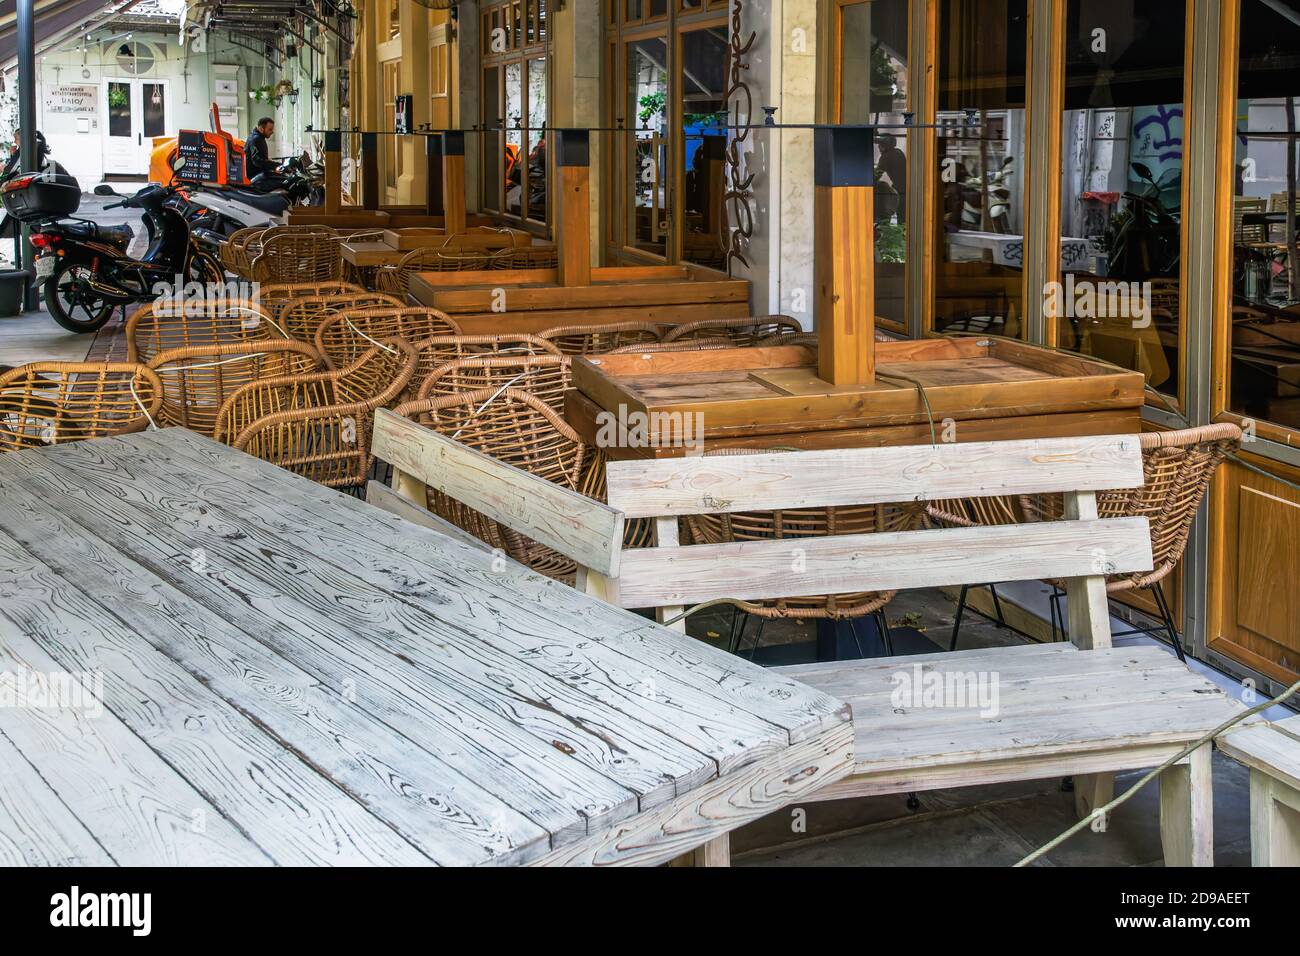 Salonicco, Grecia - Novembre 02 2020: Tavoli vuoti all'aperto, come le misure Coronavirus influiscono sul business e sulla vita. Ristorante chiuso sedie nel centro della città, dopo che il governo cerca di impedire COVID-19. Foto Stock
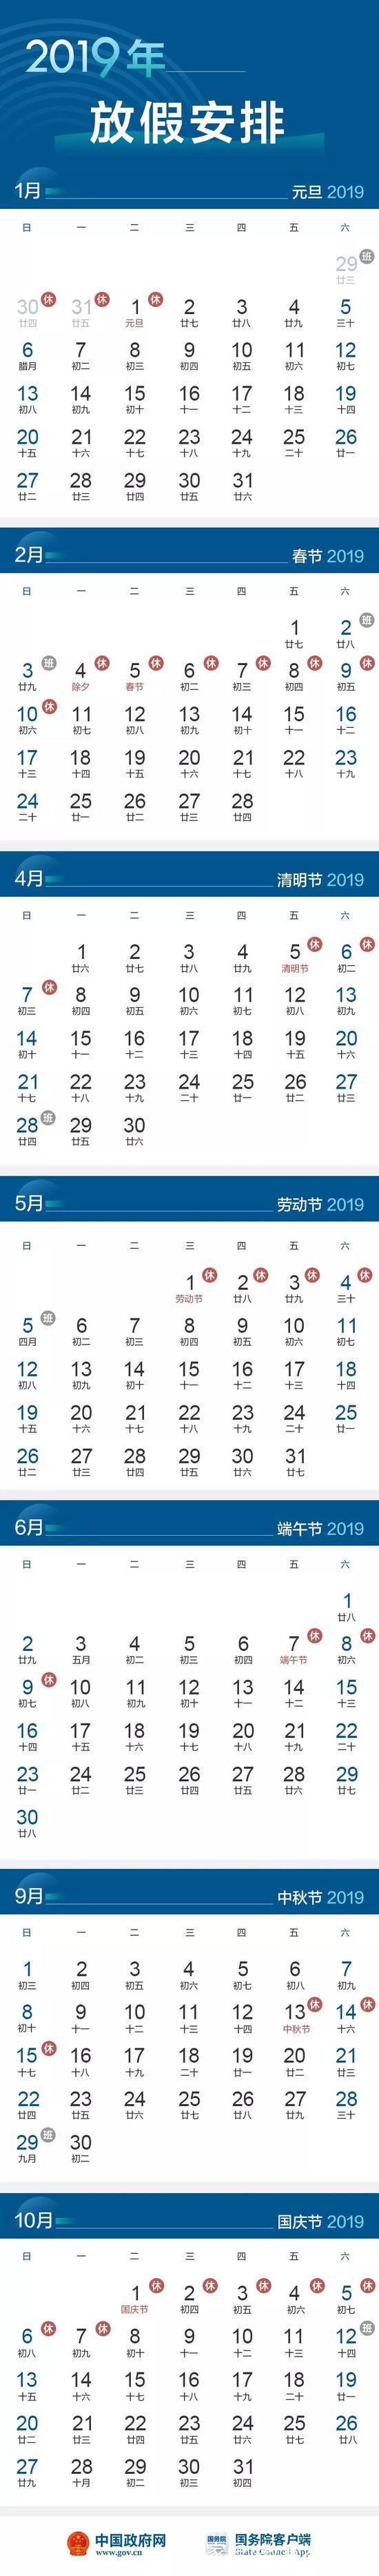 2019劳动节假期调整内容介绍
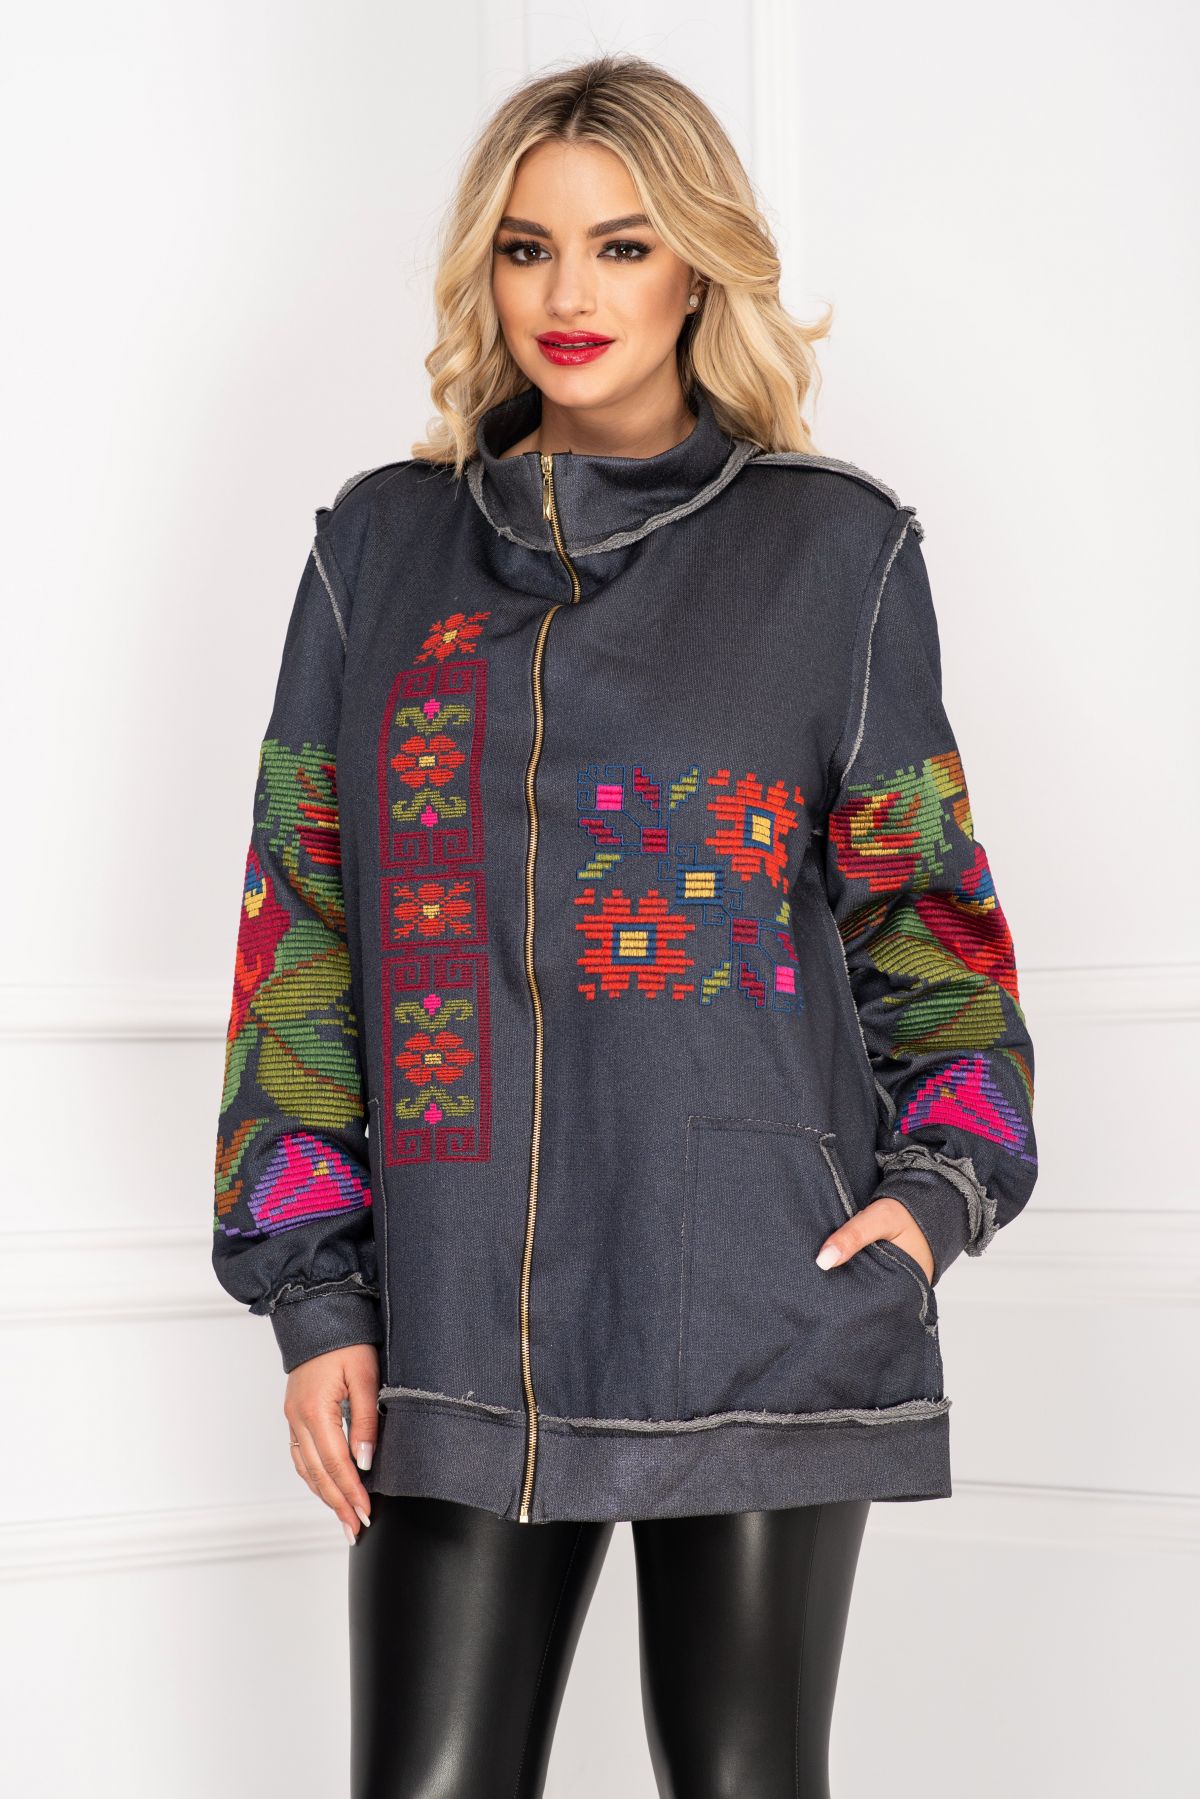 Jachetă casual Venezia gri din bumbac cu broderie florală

PROBLEM REQUIREMENTS:
Print the data exactly as written, dropping any images it holds.

FINISHED EXERCISE:
 Salonicco, Grecia - Novembre 02 2020: Tavoli vuoti all'aperto, come le misure Coronavirus influiscono sul business e sulla vita. Ristorante chiuso sedie nel centro della città, dopo che il governo cerca di impedire COVID-19. Foto Stock
 2019劳动节假期调整内容介绍
 Jachetă casual Venezia gri din bumbac cu broderie florală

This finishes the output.